We want rotors that only scale in one direction, instead of scaling all directions equally. Start with PGA, but for up instead use the logarithm on the coordinates$$\begin{array}{r}up(x,y)=log(x)e_1^{\ast }+log(y)e_2^{\ast }+1e_0^{\ast }\end{array}$$If we try to find the inverse mapping (ie. get the$(x,y)$coordinates a bivector represents) we have$$\begin{array}{r}x=exp(\frac{⟨p{⟩}_{1^{\ast }}}{⟨p{⟩}_{0^{\ast }}}),y=exp(\frac{⟨p{⟩}_{2^{\ast }}}{⟨p{⟩}_{0^{\ast }}})\end{array}$$If we now apply a translator$T_x(log(s_x))$that translates by$log(s_x)$in the$e_x^{\ast }$direction (just like in the usual PGA), we get$$\begin{array}{rl}& T_x(log(s_x))up(x,y)\widetilde{T_x}(log(s_x))\\ =& (log(x)+log(s_x))e_x^{\ast }+log(y)e_y^{\ast }+1e_0^{\ast }\\ =& log(x{s}_x)e_x^{\ast }+log(y)e_y^{\ast }+1e_0^{\ast }\end{array}$$Recovering the$(x^{\prime },y^{\prime })$coordinates this result represents using the inverse up mapping we get$$\begin{array}{rl}{x}^{\prime }& =exp(\frac{log(x{s}_x)}{1})=x{s}_x\\ y^{\prime }& =exp(\frac{log(y)}{1})=y\end{array}$$And we have non-isotropic scaling, yay! Of course the same will work for scaling$y$too. There is still a big issue though:$x$and$y$have to be greater than zero since the logarithm is not defined otherwise (or we could just use the complex logarithm? although maybe there's a nicer GA way of avoiding arbitrary complex numbers here).
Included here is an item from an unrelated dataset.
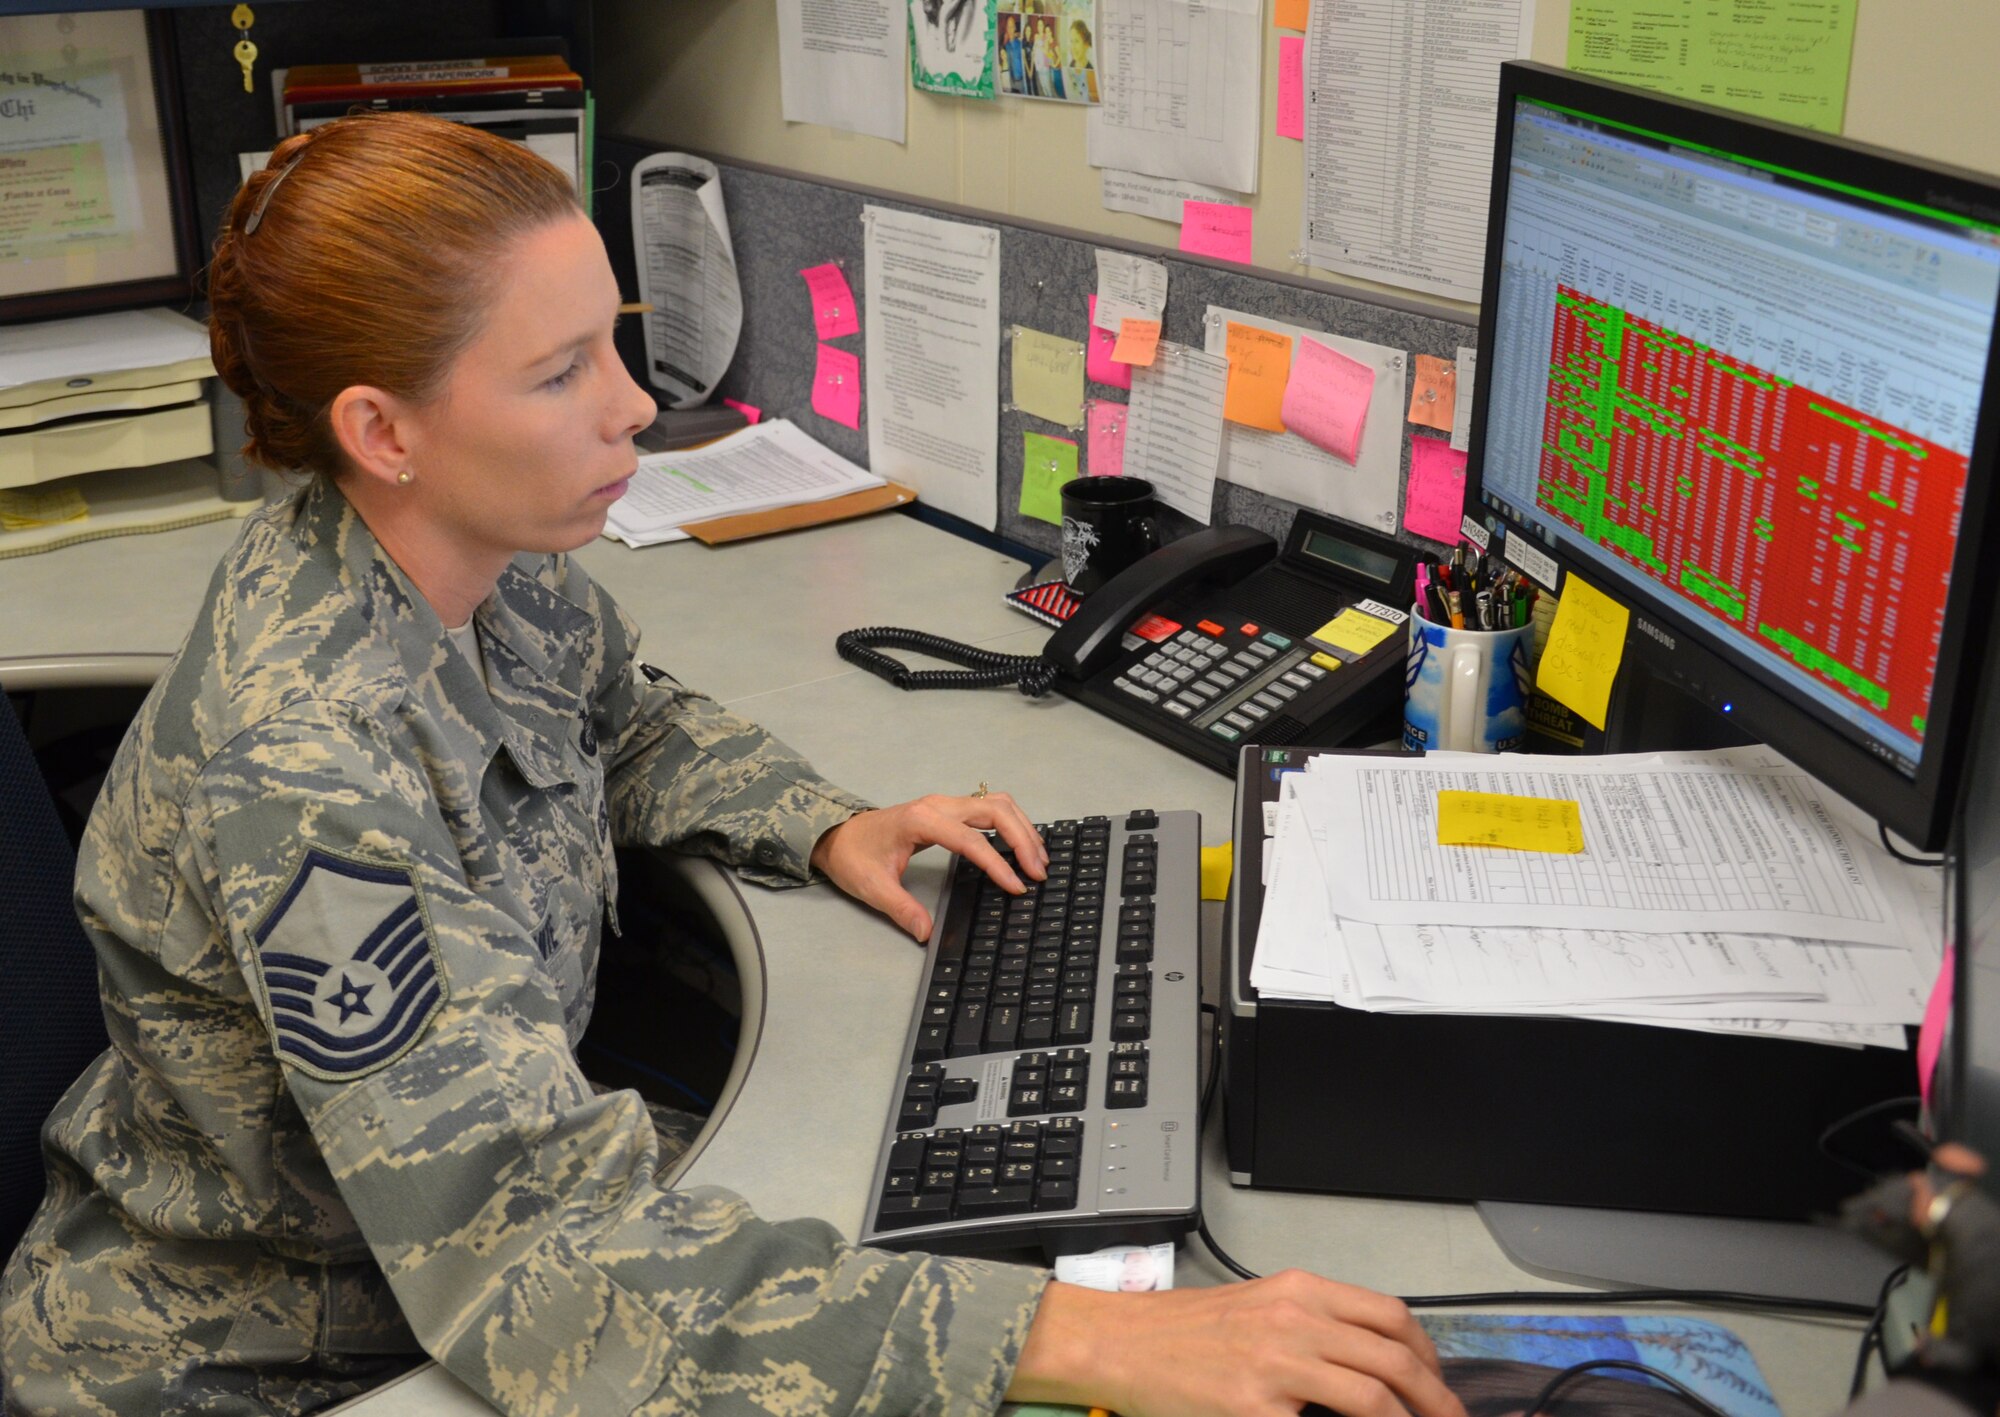 Master Sgt. Heidi White, the unit training manager for the 920th Maintenance Group, tracks pre-deployment training for group Airmen at Patrick Air Force Base, Fla., July 24, 2013, using a tracking tool she designed. Her tracking tool has led to streamlined processes and increased efficiencies for deploying Airmen and their supervisors throughout the wing. (U.S. Air Force photo/Tech. Sgt. Anna-Marie Wyant)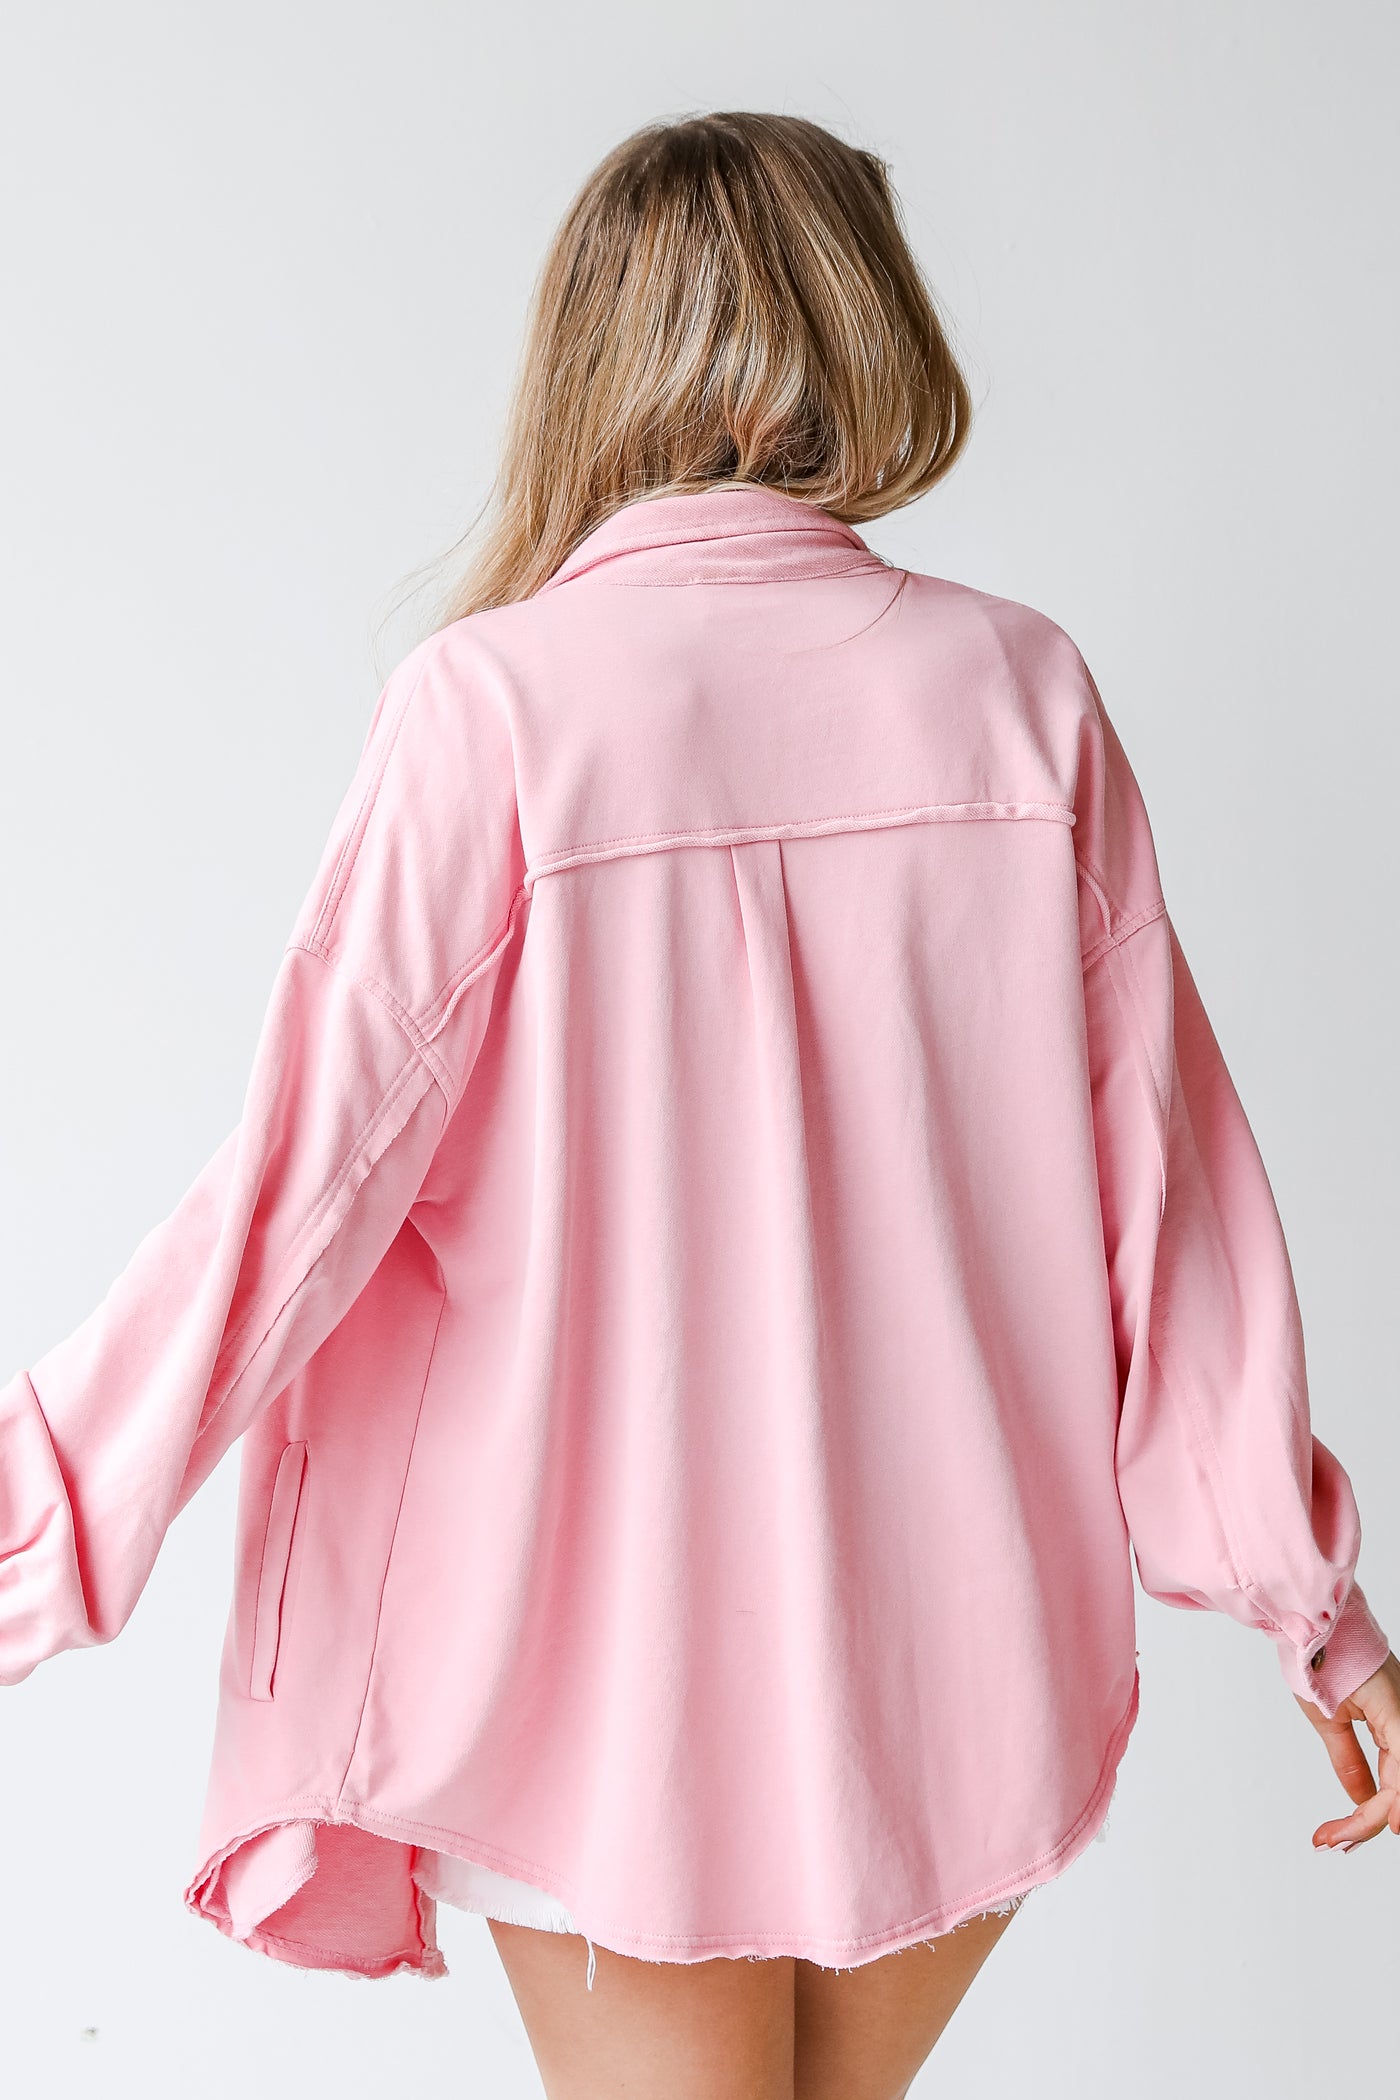 Shacket in pink back view

Assume we have an up function$up(x,...)=x{e}_1^{\ast }+x^2{e}_2^{\ast }+1e_0^{\ast }+...$which can represent parabolas, lines, points and so on. If we want to have translation as rotors (translators), it's not that easy. In PGA we only have one basis vector with an$x$coefficient so we can do the translation using a single rotor$e^{\frac{d}{2}{e}_{x0}}$, but if we did with the above up function we would change the$x$coefficient while leaving the$x^2$coefficient untouched. If we look at the OPNS / VPNS of a point that was only translated in$e_1^{\ast }$$$\begin{array}{rl}& (x{e}_1^{\ast }+x^2{e}_2^{\ast }+1e_0^{\ast })\vee ((a+d)e_1^{\ast }+b{e}_2\ast +c{e}_0\ast )\\ =& xb{e}_{12}^{\ast }+xc{e}_{10}^{\ast }+x^2(a+d)e_{21}^{\ast }+x^{2}c{e}_{20}\ast +(a+d)e_{01}\ast +b{e}_{02}\ast \\ =& (xc-a-d)e_{10}^{\ast }+(xb-a-d)e_{12}^{\ast }+(x^{2}c-b)e_{20}^{\ast }=0\end{array}$$we get three equations that have to vanish$$\begin{array}{rl}xc-a-d& =0\\ xb-a-d& =0\\ x^{2}c-b& =0\end{array}$$Notice the first and second equation together give$xb=xc$. But the third equation gives$b=x^{2}c$. Both of these together give$x^{3}c=xc$which can only be true for$x=0$. and our wrongly translated point does indeed not represent anything useful.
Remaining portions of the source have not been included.